EXERCISE:
Pictures excluded, copy word for word the lines from the one holding "Buy AKASO Brave" through the last line below.

SOURCE MATERIAL:
== Segment start ==

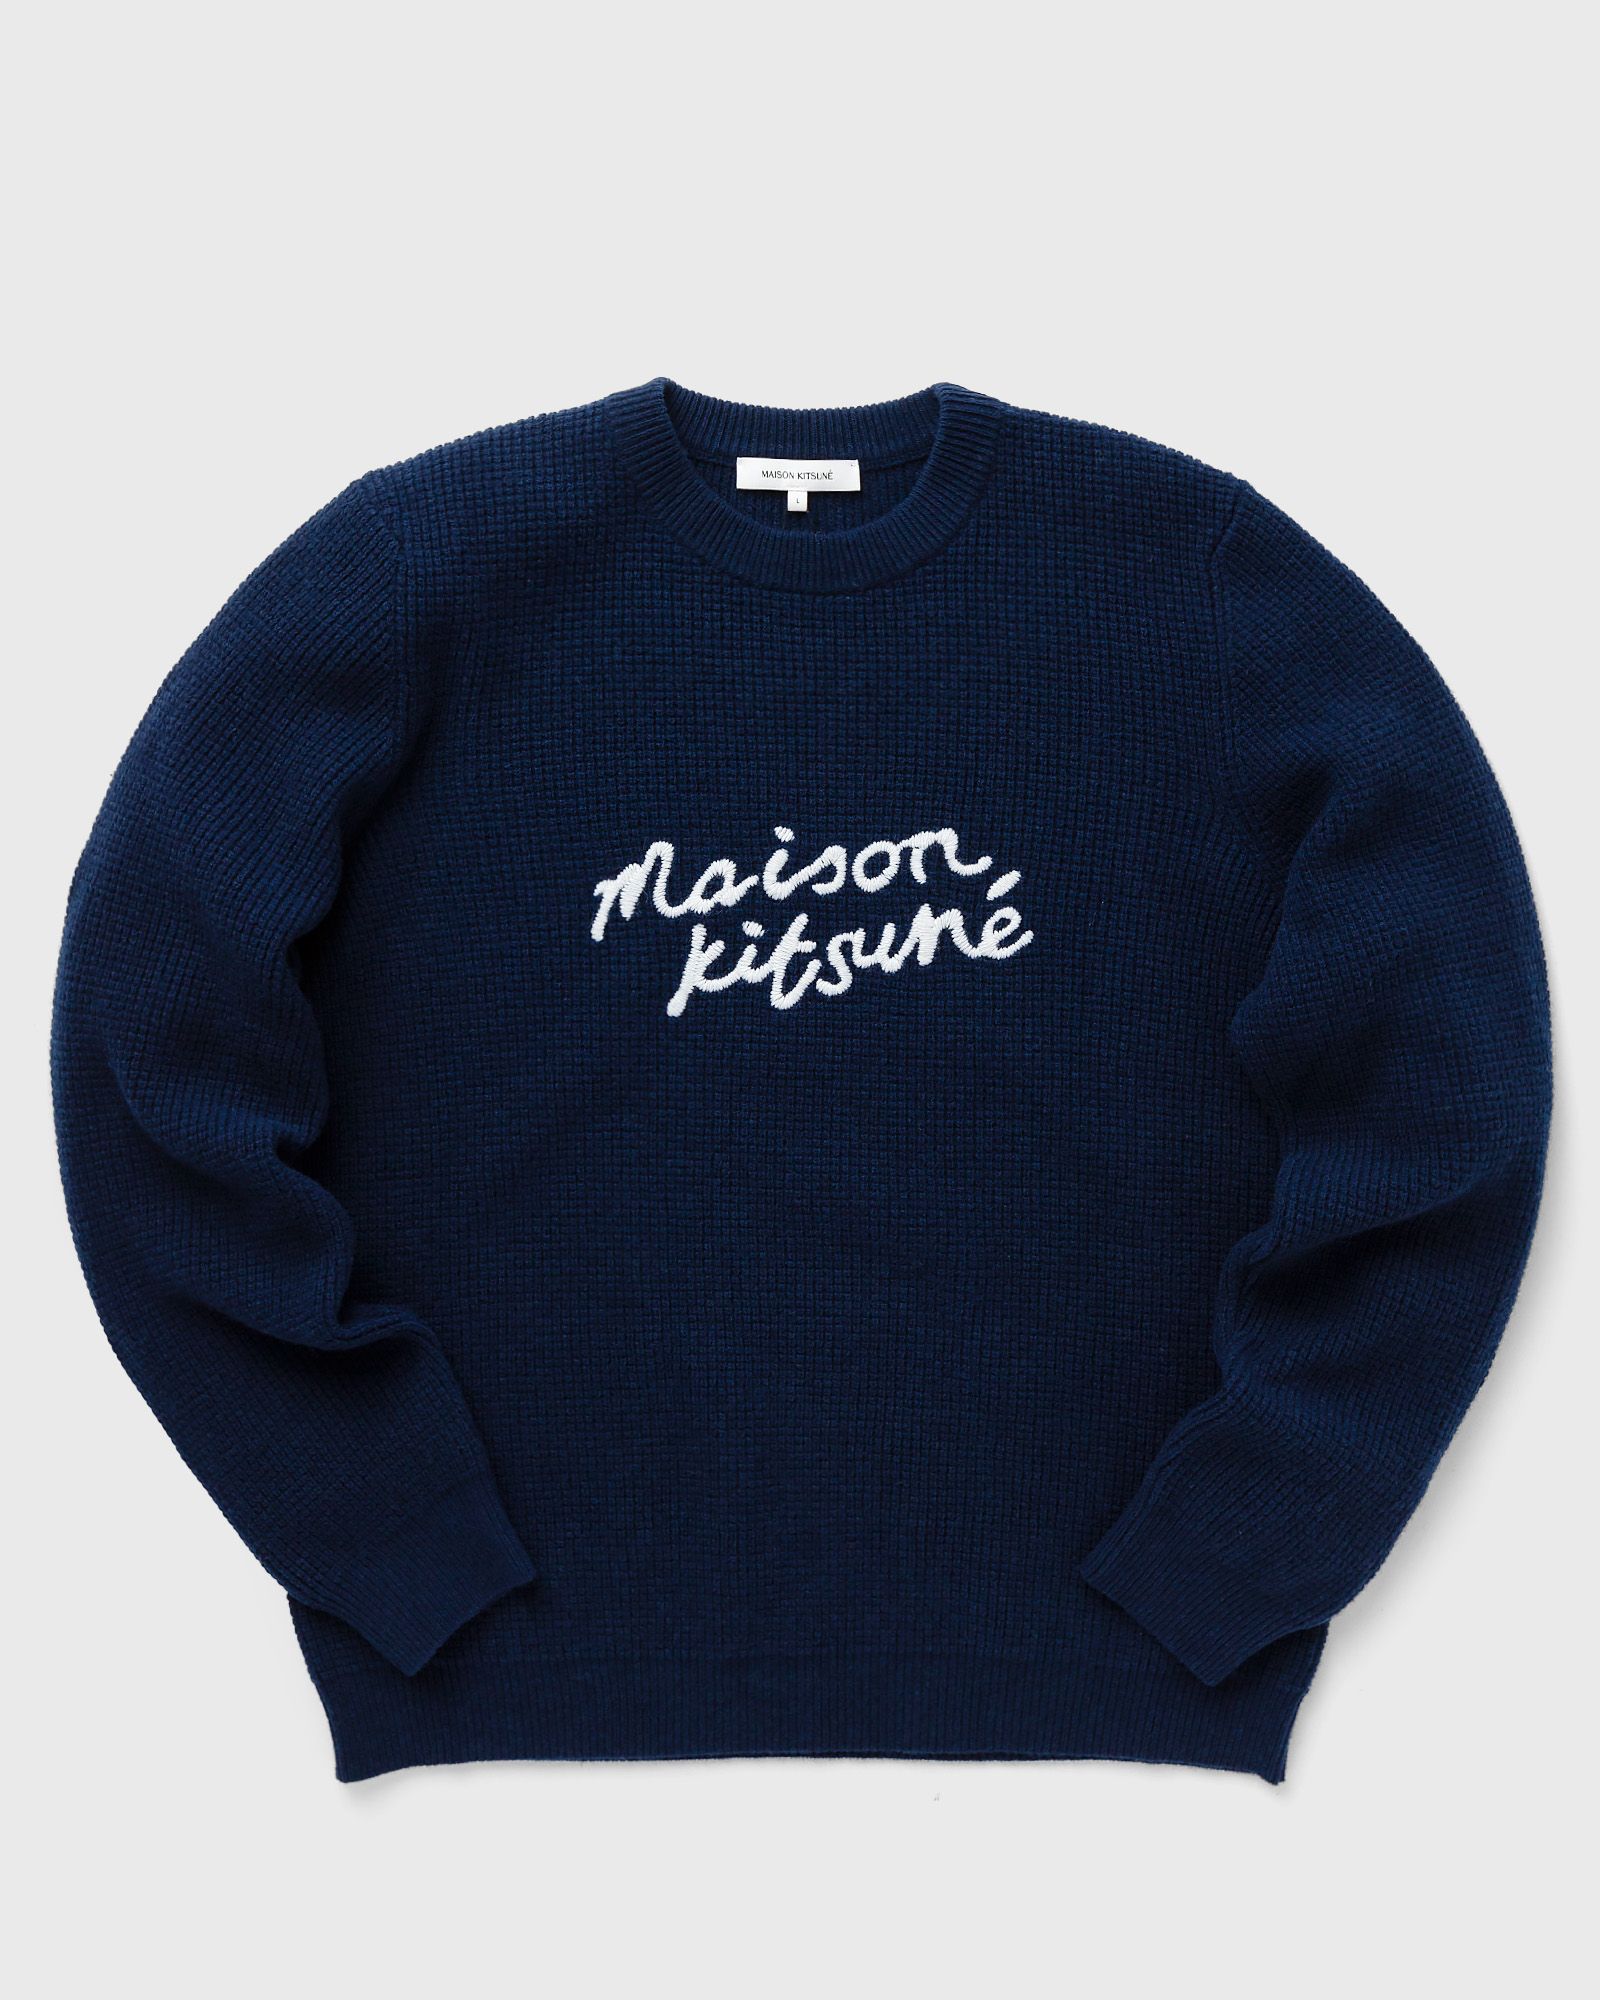 Maison Kitsune - handwriting comfort jumper men pullovers blue in größe:l
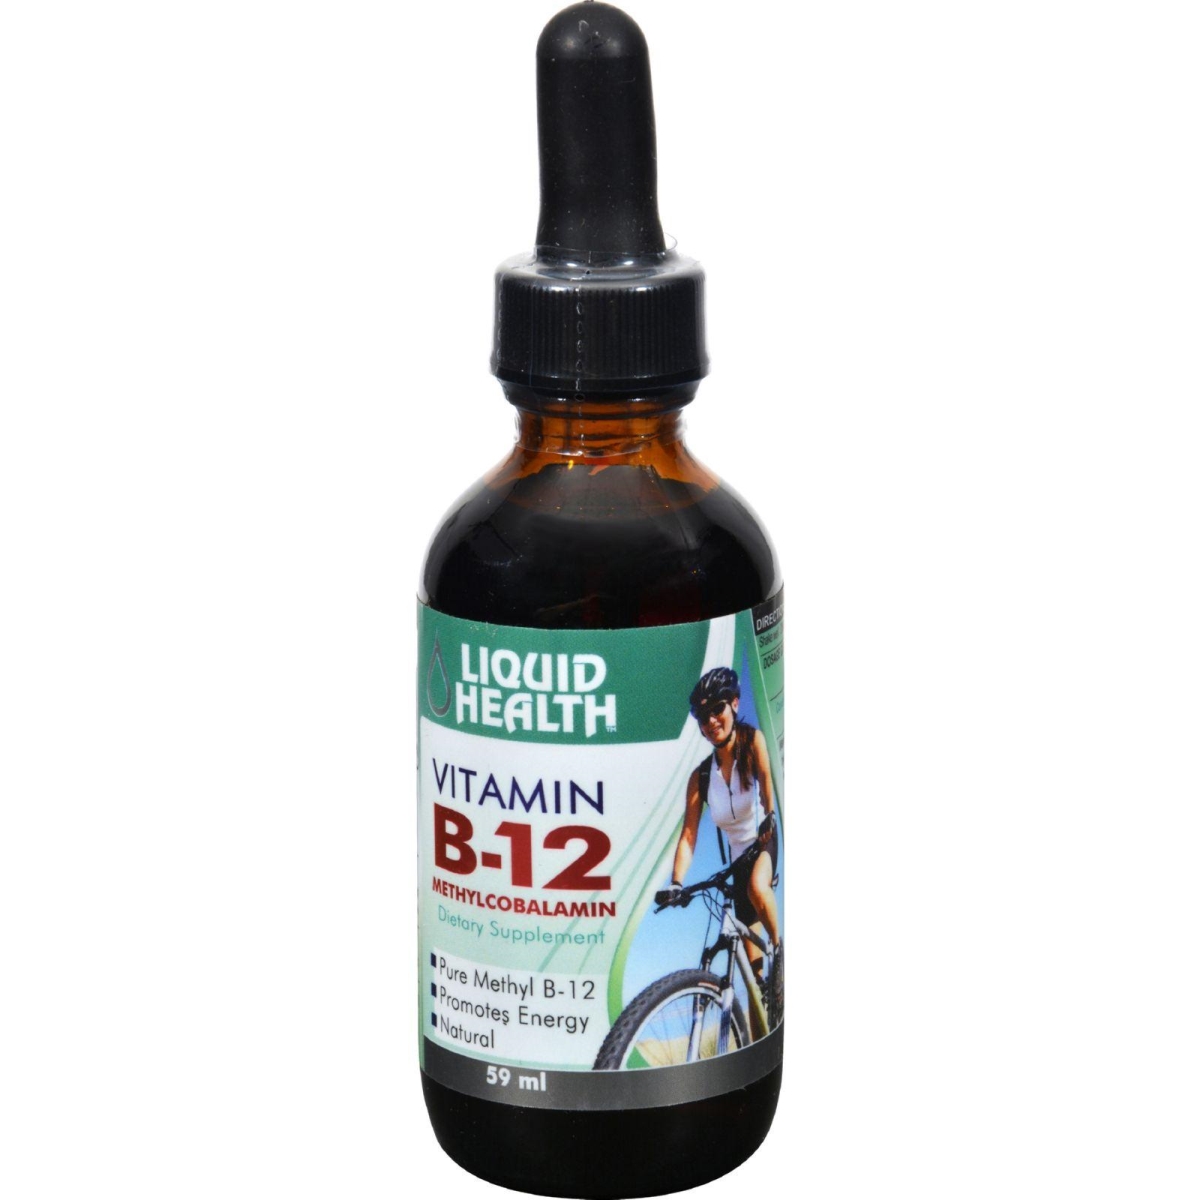 Hg0551564 20.3 Fl Oz Liquid Health Vitamin B-12
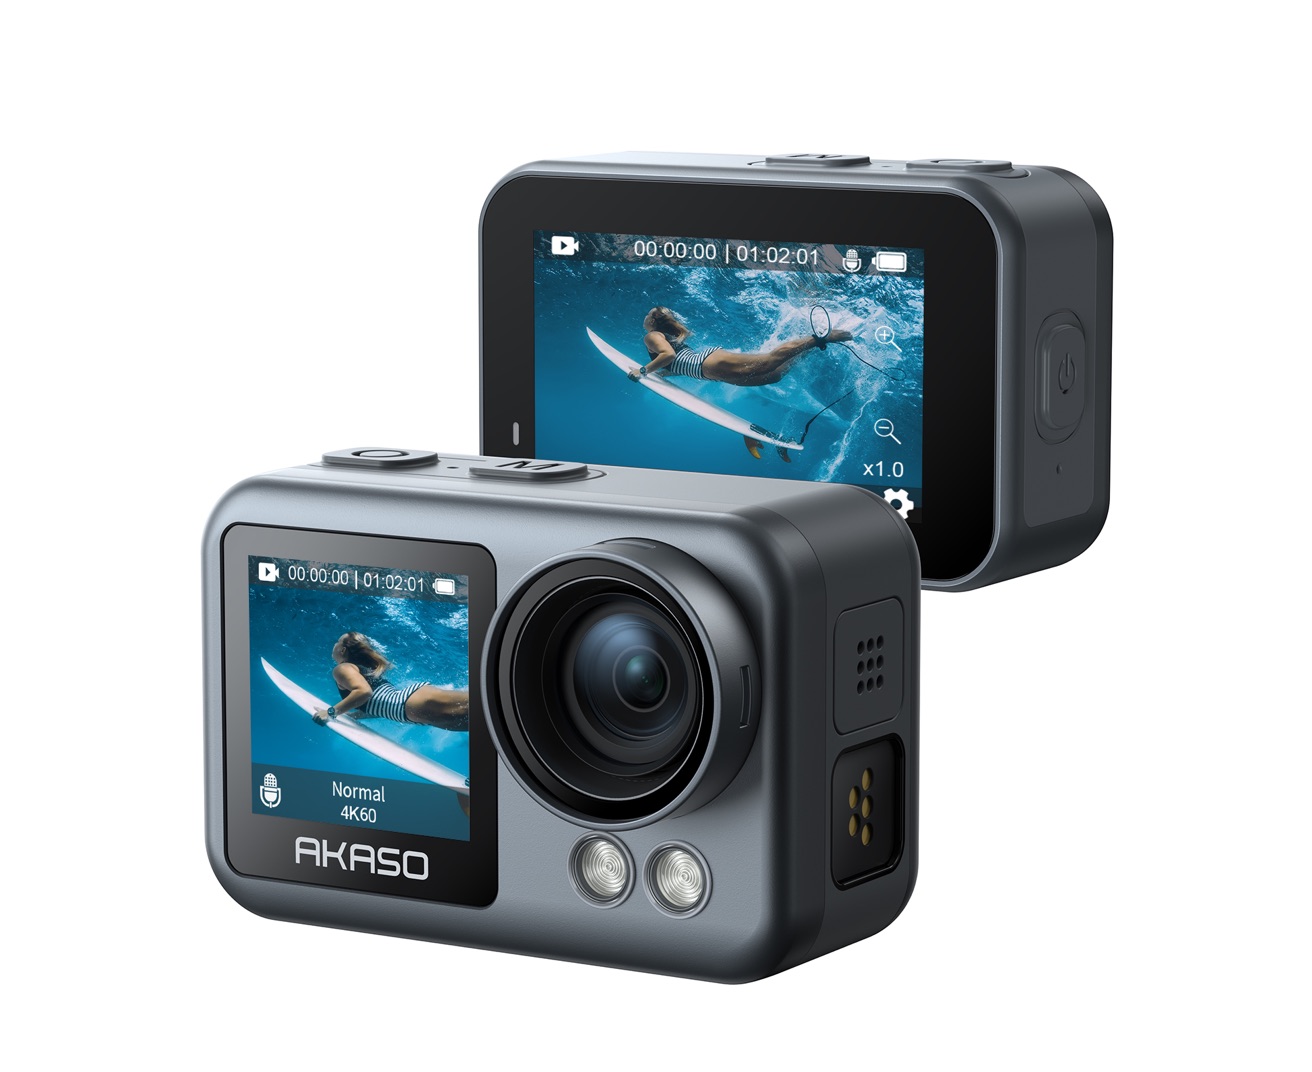 Buy AKASO Brave 4 Elite 4K60fps 20MP Ultra HD Action Camera
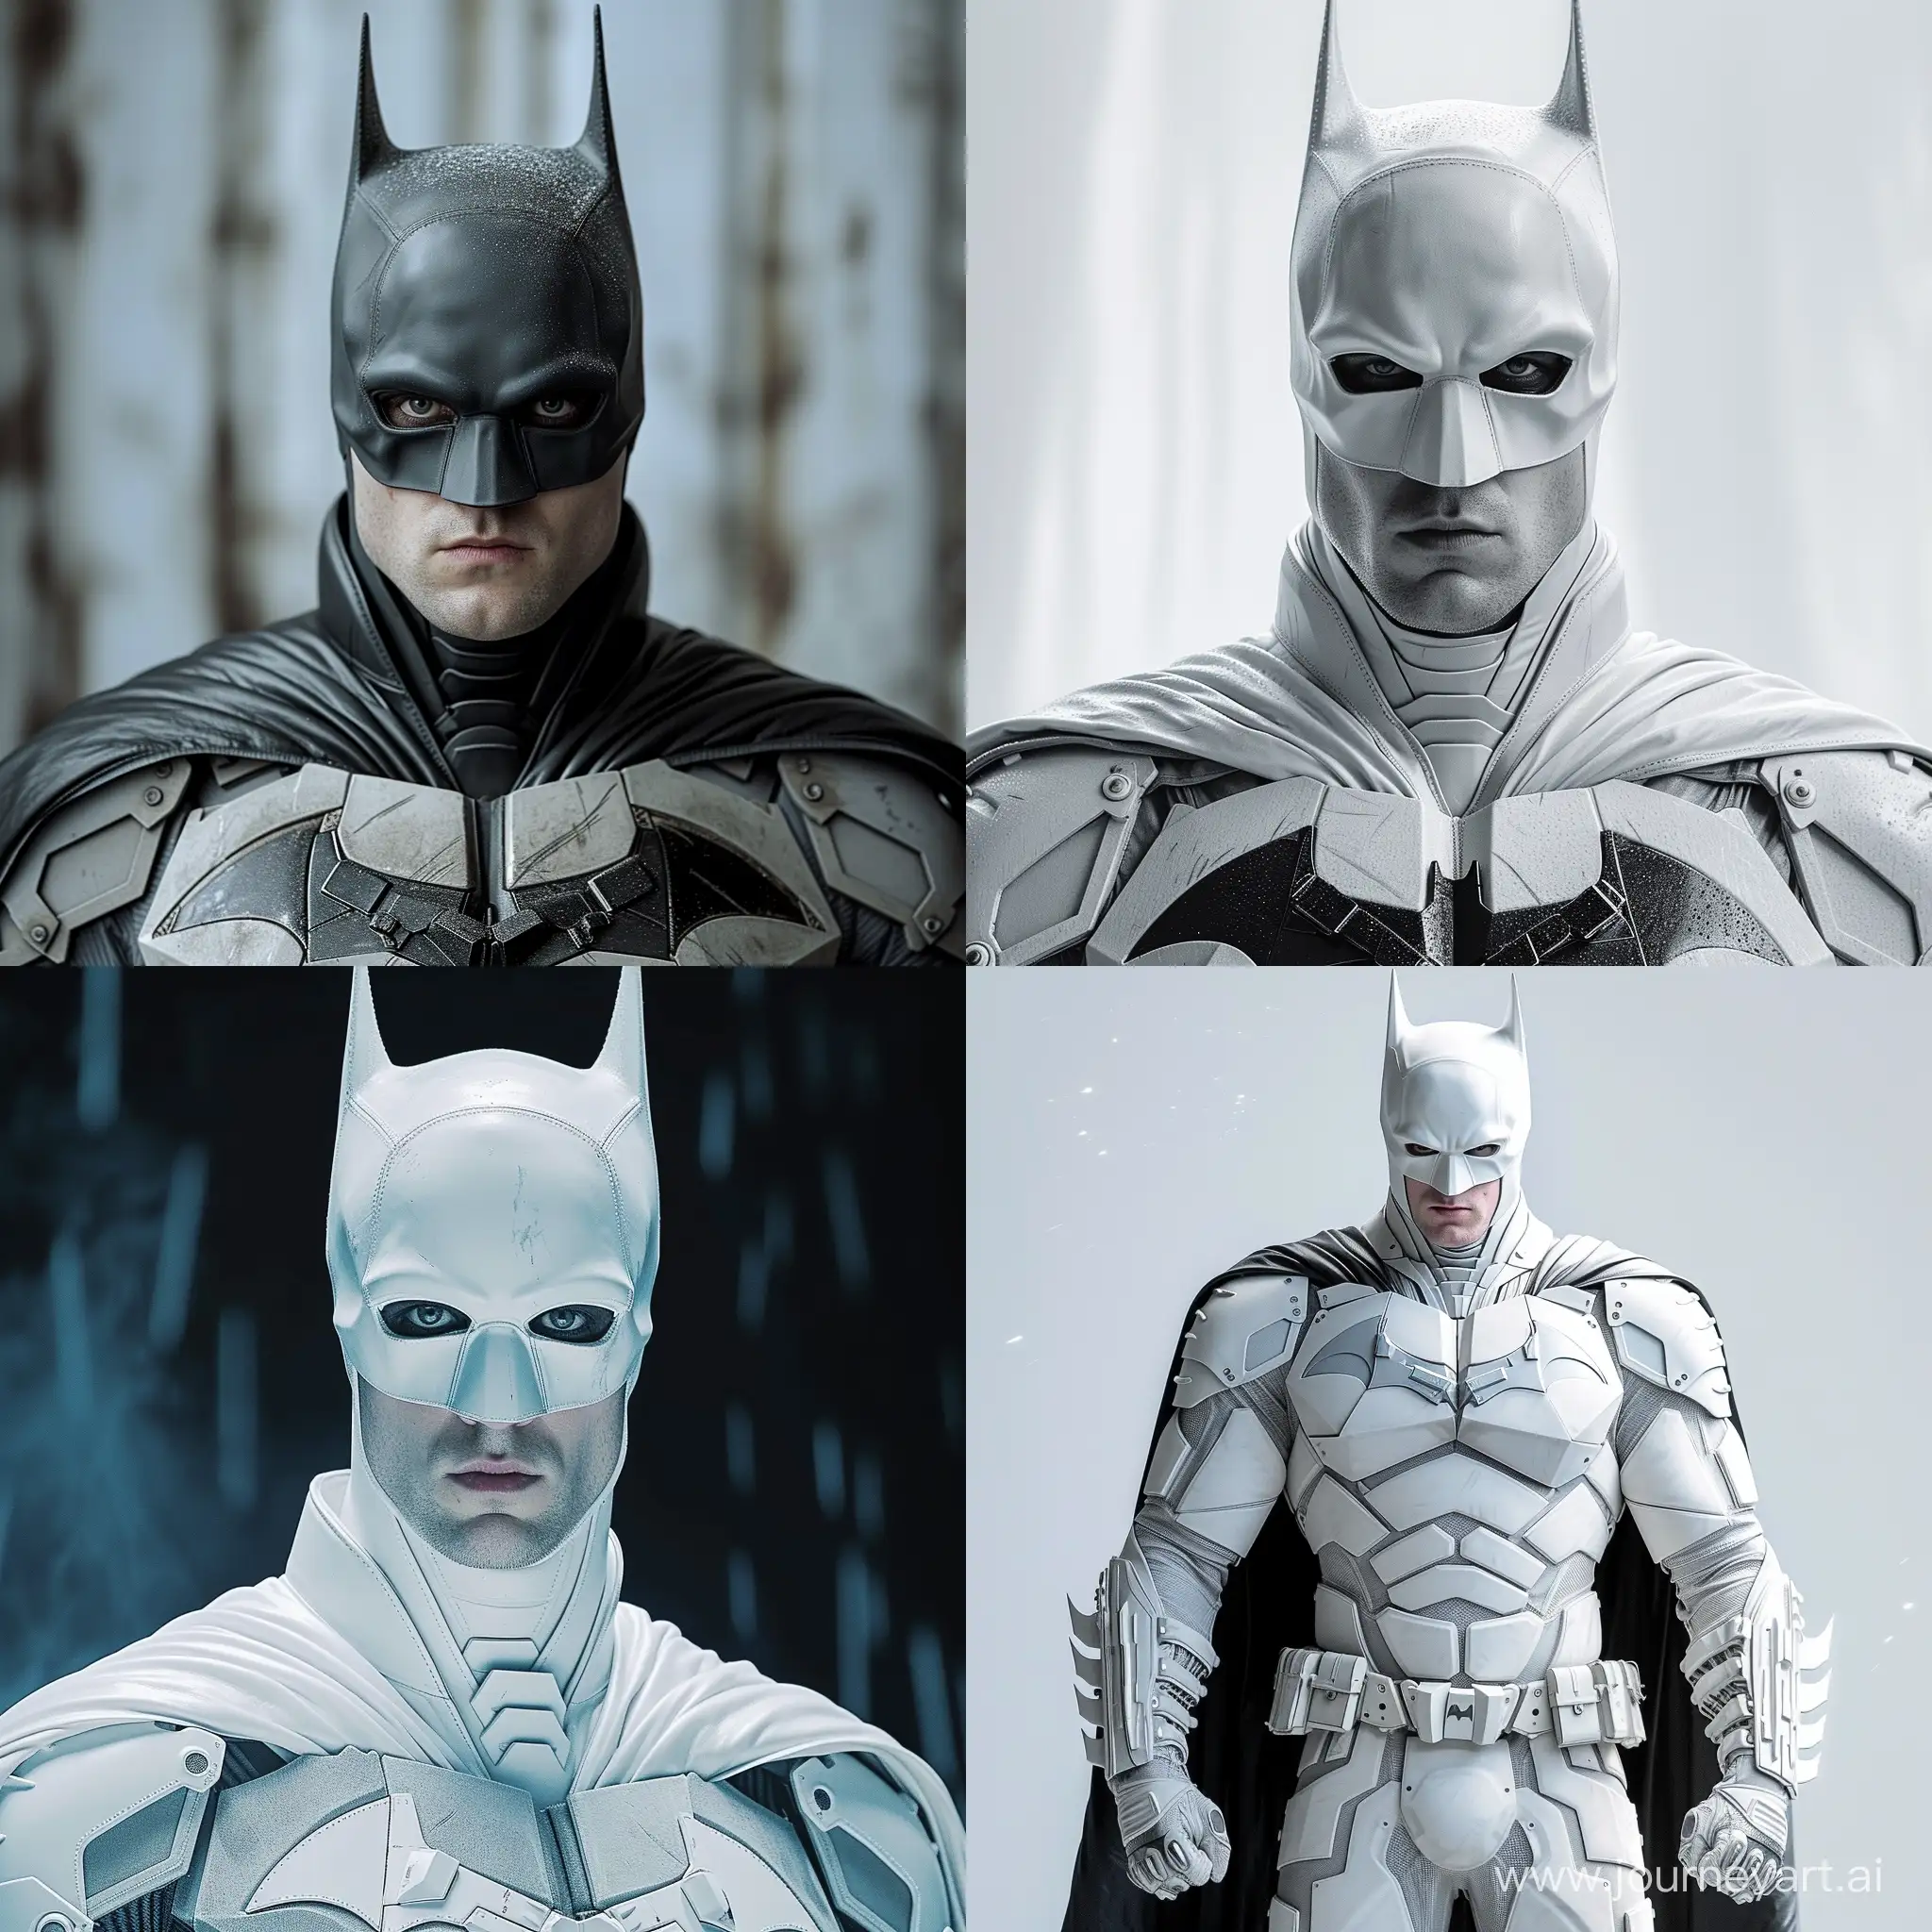 Robert-Pattinson-Portrays-Batman-in-Striking-White-Costume

== Segment end ==

ANSWER FOR THIS EXERCISE:
 Buy AKASO Brave 4 Elite 4K60fps 20MP Ultra HD Action Camera
 Robert-Pattinson-Portrays-Batman-in-Striking-White-Costume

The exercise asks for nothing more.